Venuti, Lawrence. “Translation as a Social Practice: Or, the Violence of Translation.” Translation Perspectives 9 (1996): 195-213.
Lawrence Venuti begins the article defining translation as an act of violence: “it is the forcible replacement of the linguistic and cultural difference of the foreign text with a text that will be intelligible to the target-language culture” which will therefore “assimilate into [the target-language culture’s] positions of intelligibility, its canons and taboos, its codes and ideologies” associated with the foreign language’s origin. At the beginning, the aim of translation was to make the culture considered an “other” recognizable or familiar within the target culture, but as a result, he explains that translation serves as an “an imperialist appropriation of foreign cultures for domestic agendas.” As a result, the translation domesticates the foreign text rather than preserving its true meaning.
Venuti discusses the various kinds of power translation has. Translation has a lot of power in shaping the national identities of foreign cultures to the world; it has some power in alleviating racial or ethnic conflicts; and it also has power in the maintenance of “literary canons” by the target language that continues to facilitate its cultural dominance over the foreign language (196). Regardless of these powers, Venuti ultimately believes that the violence of translation is inherent in its processes, making such violence partially inevitable, and that this violence can emerge at any time during the production of a translated text, depending on the specific cultural or social movements that might be occurring. Therefore, whether this potential is considered depends solely on the translator, who will always have “a choice concerning the degree and direction of the violence at work in his practice” (197). Venuti references Schleirmacher, who describes the two choices which translators can make: “to leave the author in peace as much as possible and move the reader towards the author, or leave the author in peace and move the author towards [the translator].”
Venuti takes this idea, and separates these two notions into differing methods: domestication (the ethnocentric form of translation) and foreignization (which sends the reader abroad and points out the linguistic cultural differences of the foreign text). By the turn of the 19th century, foreignization was the important staple of translators to promote linguistic and cultural difference, yet the “offside of foreignizing a text is an effort that makes the native target language country have an alien reading experience” (197). Furthermore, from the very beginning, English language translation has always pushed towards domestication. This is because they (those who fell under this method) do not think domestication is violent towards the foreign text or its country. In fact, the majority believed (and still believe) that domestication was the better way to get the real version of a reading in order to make the most impact on the target language and its culture (200). Therefore, it was the “responsibility of the translator to understand and adequately translate the foreign text […] to such an extent that they can understand how the original receptors must have understood the original text” (204). Venuti argues that foreignization does not mean doing away with a target language’s political agenda, for “such an advocacy is itself an agenda” (205). Instead, foreignization is meant to allow translators to “develop a theory and practice of translation that resists dominant target-language cultural values” which would ultimately “differentiate the cultural and linguistic differences of the foreign language” (205).
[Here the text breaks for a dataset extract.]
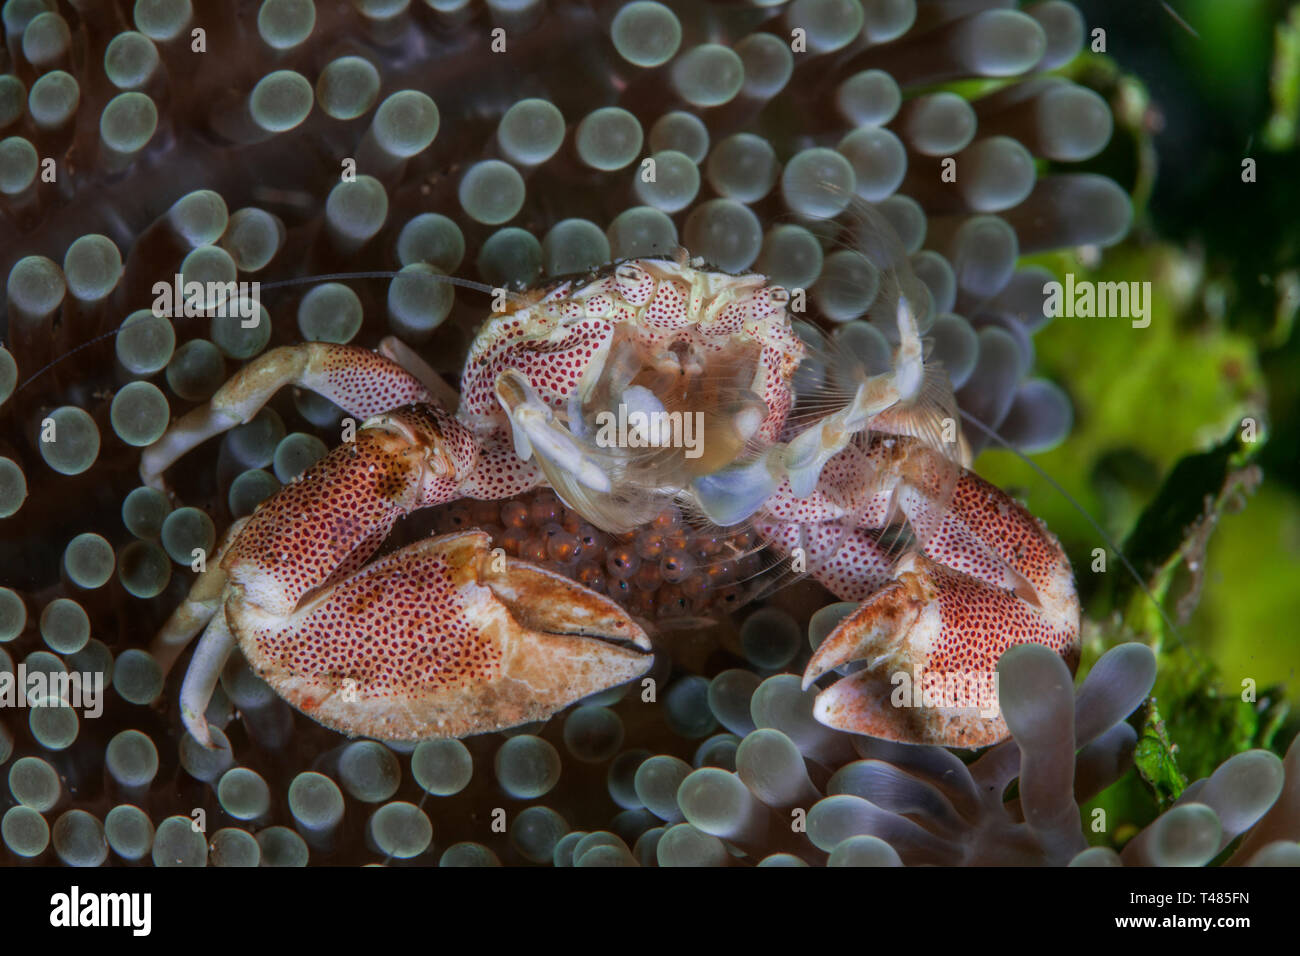 Spotted Porcelain crab with eggs sheltering in carpet anemone. Lembeh Straits, Indonesia. Stock Photo

Ultimately, Venuti wants to argue that translation is a “locus of difference,” and that a translator’s job is not to preserve the foreignness of a text, but to gather resistance against ethnocentrism, racism, cultural narcissism, and imperialism while understanding the power of translation in the geopolitical world (211).
According to Venuti, translation is inevitably violent. This is an extremely provocative idea. Taking a foreign text and rearranging its words to fit into a different paradigm will never truly understand the meaning behind these words due to the differing cultural context in which they are created. Reworking a text for a new paradigm is definitely a violent action, for it seems to disregard the cultural differences of a text in order to make it more understandable (somewhat) in a place that technically would otherwise not understand it.
But in such cases, the “translation” would mean nothing; it would be a pseudo-translation, and the power within this translation is frightening. A translator could choose to translate the text in a way that could continue to support the perspective of the target language’s population towards that foreign language’s culture, which could be good or bad, depending on the opinion of the translator. The foreign language loses any chance of changing perspectives, and in return, will continue to hold the same image within that target language. Such a scenario fits well with Galtung’s definition of violence being anything that prevents a person from reaching his or her full human potential, because it allows no possibility for the foreign language to be considered important and imperative to human life in the target culture.
Translation does seem to create difference, which could be considered both good and bad, but it’s the choice of the translator that ultimately decides how violent those differences can be. The two methods that translators use also seem violent; domesticating or foreignizing a text seem to forget the importance of individualization and demoralizes personal interpretation, a concept we use on a daily basis. Are there other ways a translator can approach a reading that does not seem to create a hierarchy of power, but instead simply read and create understanding? Maybe simply learning the other language is a better option? This article makes me question whether translation could be considered a structural form of violence. This is something I would like to look into further, to determine to what degree translation is inevitably a form of institutionalized, structural violence. Must translation be inevitably violent?